2019 Caldecott Medal Acceptance by Sophie Blackall

Hello, hello, hello!

Members of the 2019 Caldecott committee, my agents, my family, fellow authors and illustrators, publishers, librarians, beacons of the community—

As the 2019 Caldecott committee gathered around a phone, early on a cold January morning in Seattle, I was having dinner in sweltering Myanmar, trying not to picture them. But I couldn’t help it. I liked the look of them all, in my mind, about to deliver news to change a life. And then, like some kind of dream, my phone buzzed.

My phone. This was not supposed to happen.

From seven thousand miles away I heard the crackling committee and the word medal, and the first thing out of my mouth was…

Oh no.
No.
No.

Followed by, Are you sure about this?

I hate to tell you, but I tried to give the thing back.

As the news of this second Caldecott sank in, I kept thinking, No one deserves this much good fortune. And then I remembered how I felt when my second child, Eggy, was born. I didn’t, for a minute, offer to give my son back. His arrival was every bit as miraculous and joyful and distinct as it had been with my first child, Olive. (Later, when Eggy was three, and I was trying to sound professional on the phone with my first editor, Victoria Rock, and Eggy was under my desk in a cardboard-box bumper car, gleefully ramming my shins, then, for a split second, I considered giving him back.
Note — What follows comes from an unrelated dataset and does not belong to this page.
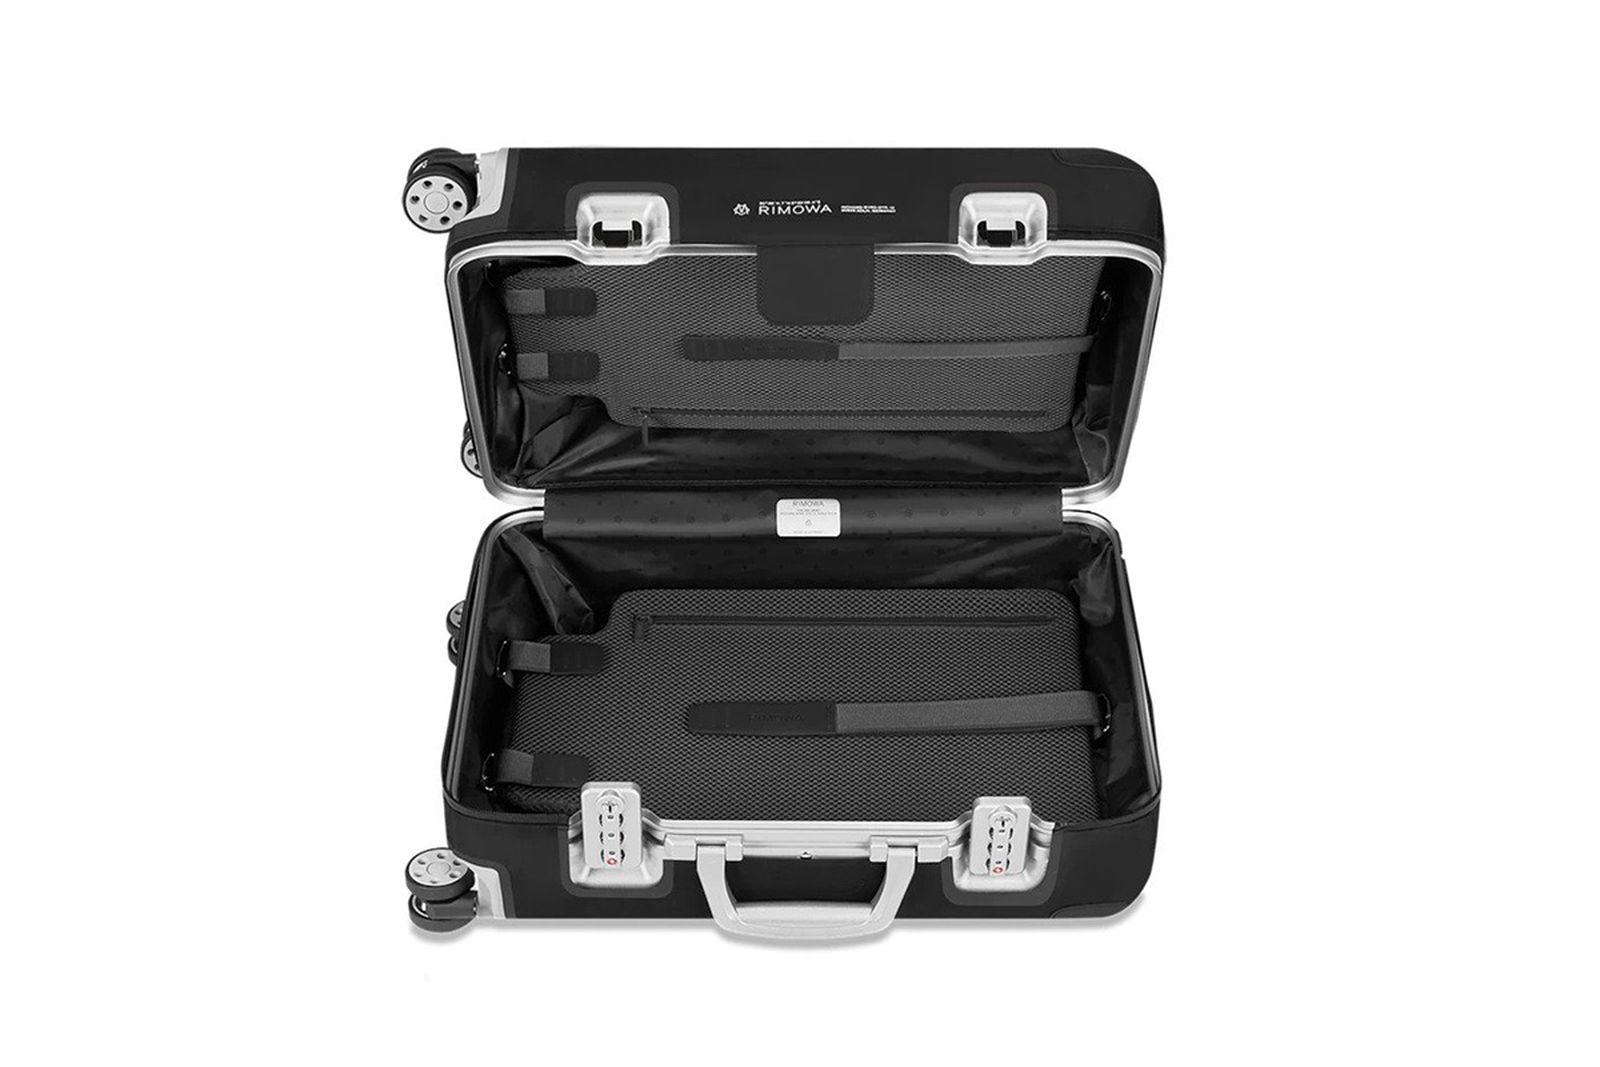 rimowa-luggage-suitcase-cover-02

But only for a second.)

I also realized with a thud how rude it was to question the judgment of the committee. Mary Fellows and the fourteen other committee members spent an entire year poring over picture books. And what a year for picture books! And they chose Hello Lighthouse for the medal. For which I am, after my initial shock, profoundly grateful.

It’s especially wonderful to be in Washington, DC, tonight, to cheer on Meg Medina, to celebrate the legacy of Walter Dean Myers, and to be honored alongside Brian Lies, Grace Lin, Juana Martinez-Neal, and Oge Mora.
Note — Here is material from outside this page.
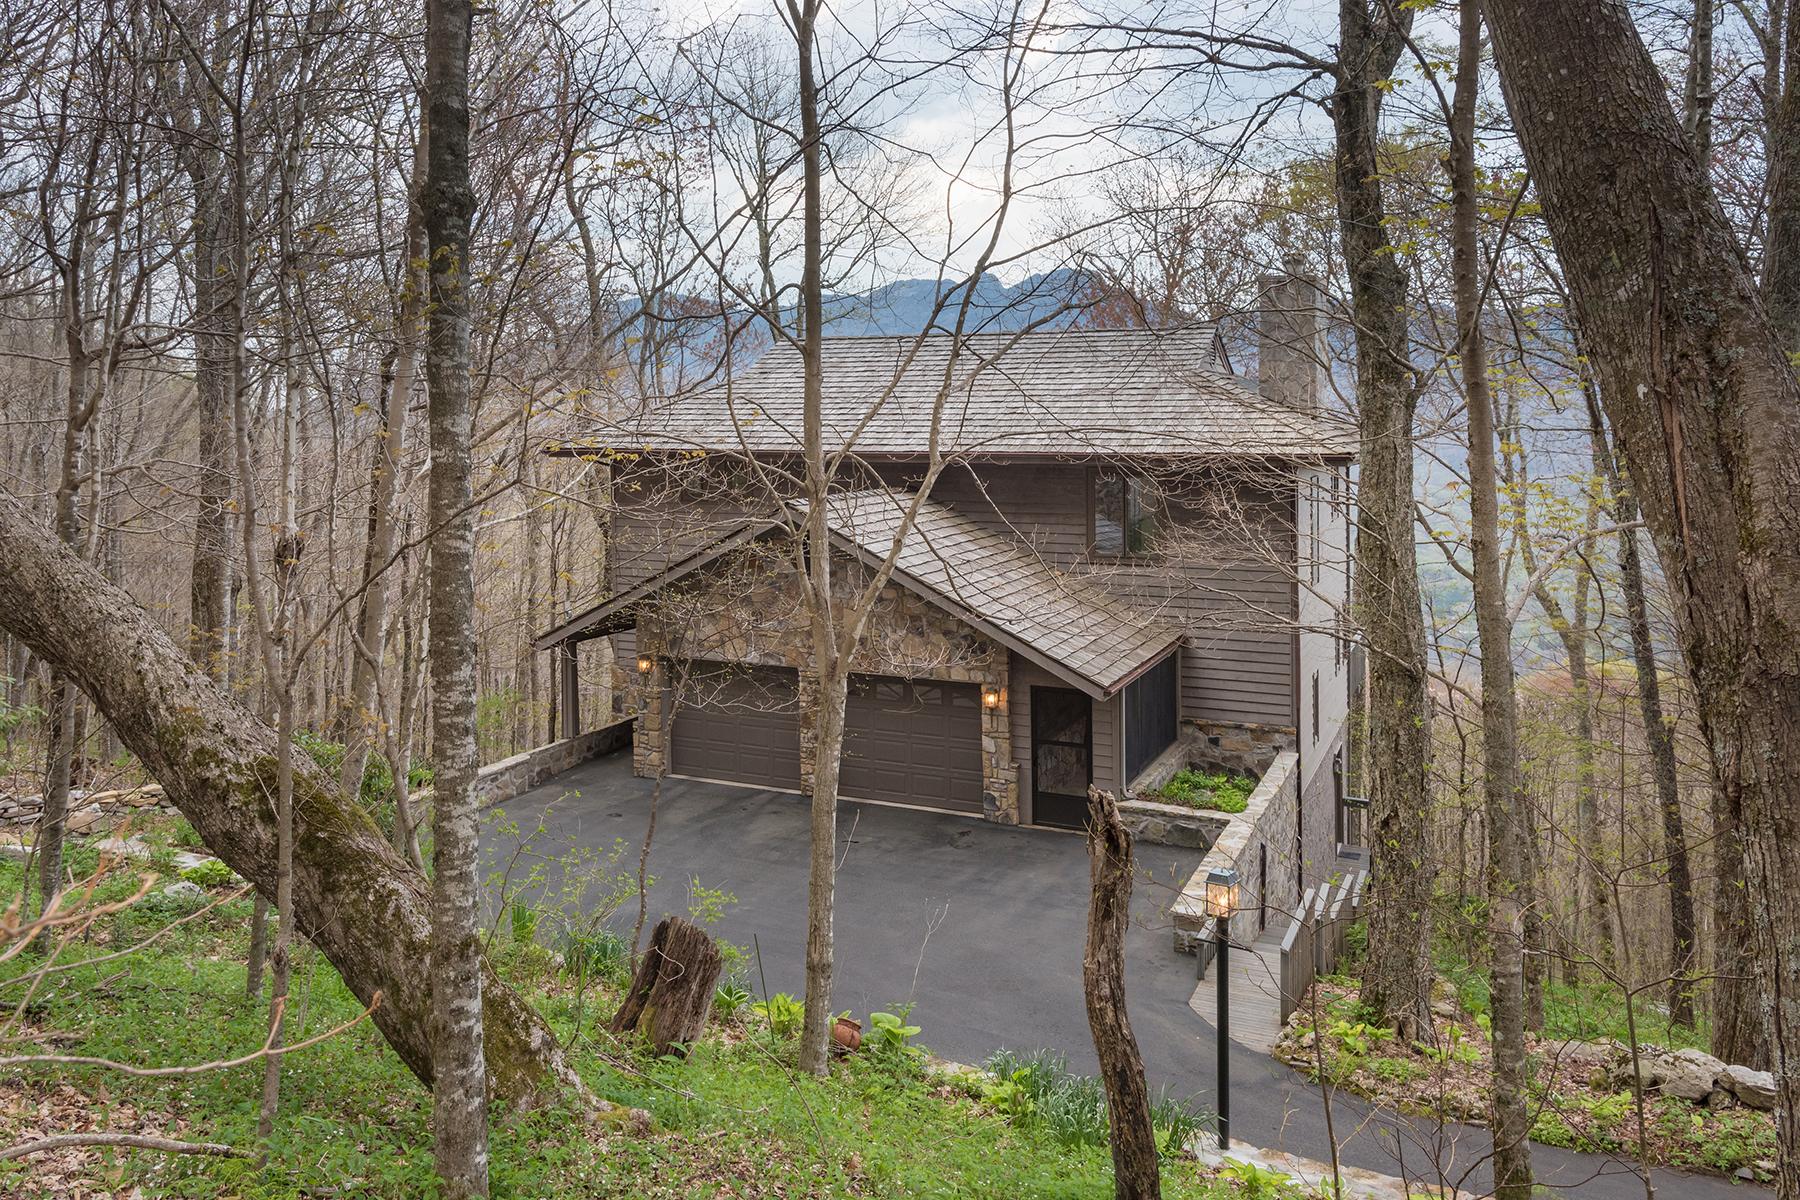 Single Family Home for Sale at LINVILLE RIDGE 213 Ridge Dr 2, Linville, North Carolina 28646 United States

And yet, when someone says, “Hey! I hear you won the Caldecott!” I wince in response, as though they’ve said, “Hey! I hear you accidentally killed a horse!”

Australians, as a rule, don’t like showoffs. When I told my mother that I had won the 2016 Caldecott for Finding Winnie, she chastised me for bragging.

Australians are trained to be self-deprecating. We save others the trouble of discovering our flaws by presenting them with a list when we meet. Especially if we are women.

In 2013, when [editor] Susan Rich wrote to me with the manuscript of Finding Winnie, before accepting I asked whether she should perhaps consider Brian Floca? Because Brian is really good at drawing trains.

This year, the Caldecott attention made me uncomfortable. I was acutely aware of the many illustrators who made beautiful, award-deserving books in 2018, and I felt their disappointment. Also, I had it on good authority from Chris Raschka that nobody likes a two-time medalist. Although he seems pretty likable. And maybe I was imagining it, but when people said, “Your cup runneth over,” it sounded the tiniest bit like a reprimand. As though I had chosen an inappropriately sized cup, and now I was making a mess on the floor.

So I decided to look to my forebears to see how previous medalists managed their good fortune.

I went right back to the beginning, to 1938 when the first Caldecott Medal was awarded, and proceeded to read all eighty-one speeches. (Well, I couldn’t read Stephen Gammell’s, the infamous speech that was never written down, so…eighty.)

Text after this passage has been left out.